If you only recently began following the solar industry, you might expect that President Trump's decision to impose tariffs on solar panel imports would be the best news First Solar (NASDAQ:FSLR) shareholders could have gotten this year. Because of the technology it uses, the thin-film solar panel manufacturer is the one international manufacturer that's exempt from those tariffs, which gives it a huge advantage in the U.S. market.
But First Solar's stock price has dropped in the days since the announcement, and its shares have underperformed those of some key rivals. Maybe the market thinks First Solar's tariff-related upside isn't as big as was previously expected -- and maybe that's the right way to think about the company's place in the market.
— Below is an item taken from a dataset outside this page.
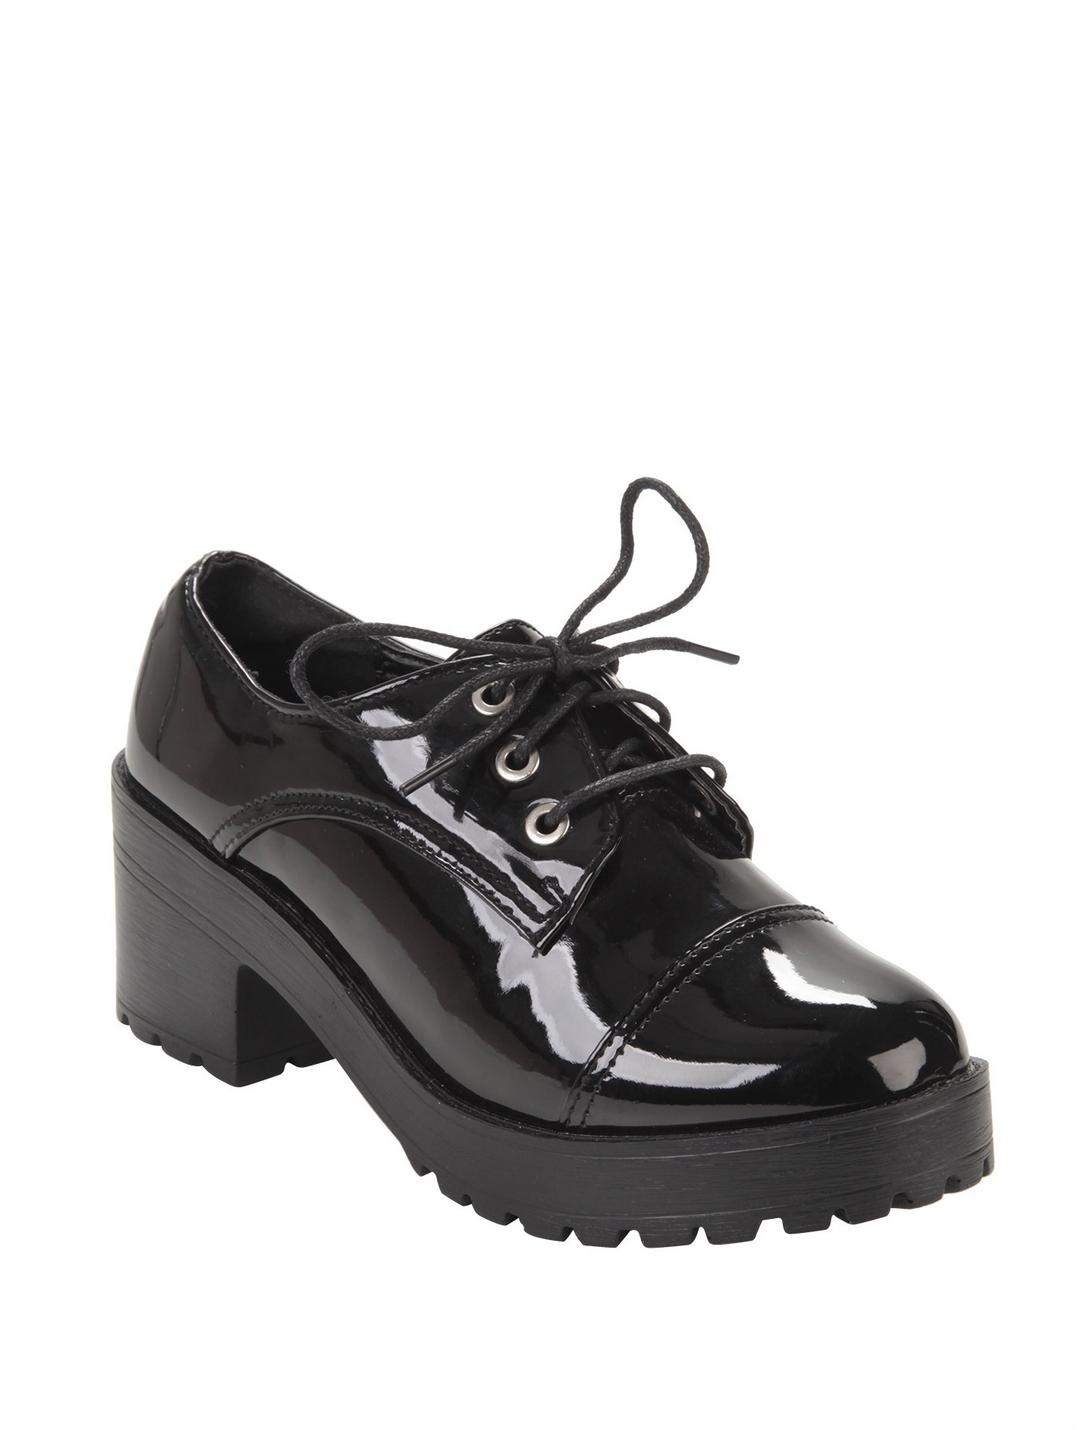 Black Patent Leather Chunky Heel Lace-Up Oxford, BLACK, hi-res

Where First Solar will see a tariff windfall
As of Dec. 5, 2017, at First Solar's analyst day, the company had 13.8 GW of manufacturing capacity between 2018 and 2020, the first three years of the four that the tariffs will be in effect. At that time, before the tariffs were announced, sales of 7.5 GW of that production had been booked, with another 3 GW in late-stage negotiations, according to management.
You can see in the chart above that 2018 shipments are only expected to be between 2.7 GW and 2.8 GW, with the remaining 11.0 GW to 11.1 GW forecast to be produced in 2019 and 2020. That's critical, because we know that the tariffs will decline by 500 basis points annually from an initial rate of 30% in 2018 to 15% beginning in early 2021.
Any pricing advantage First Solar has will be highest this year, and subside over time. But its near-term production is already booked, which limits its ability to profit from tariff-enhanced windfall pricing.
Beyond that, we're already getting word that Asian manufacturers are looking to build their own module production capacity in the U.S. JinkoSolar (NYSE:JKS) has agreed to build a plant that will produce solar modules in the U.S., and three Taiwanese solar cell suppliers are looking to invest in capacity here as well. It'll take a year or two to build those plants, but as I pointed out above, First Solar doesn't have a lot of capacity to exploit its price advantage in the meantime.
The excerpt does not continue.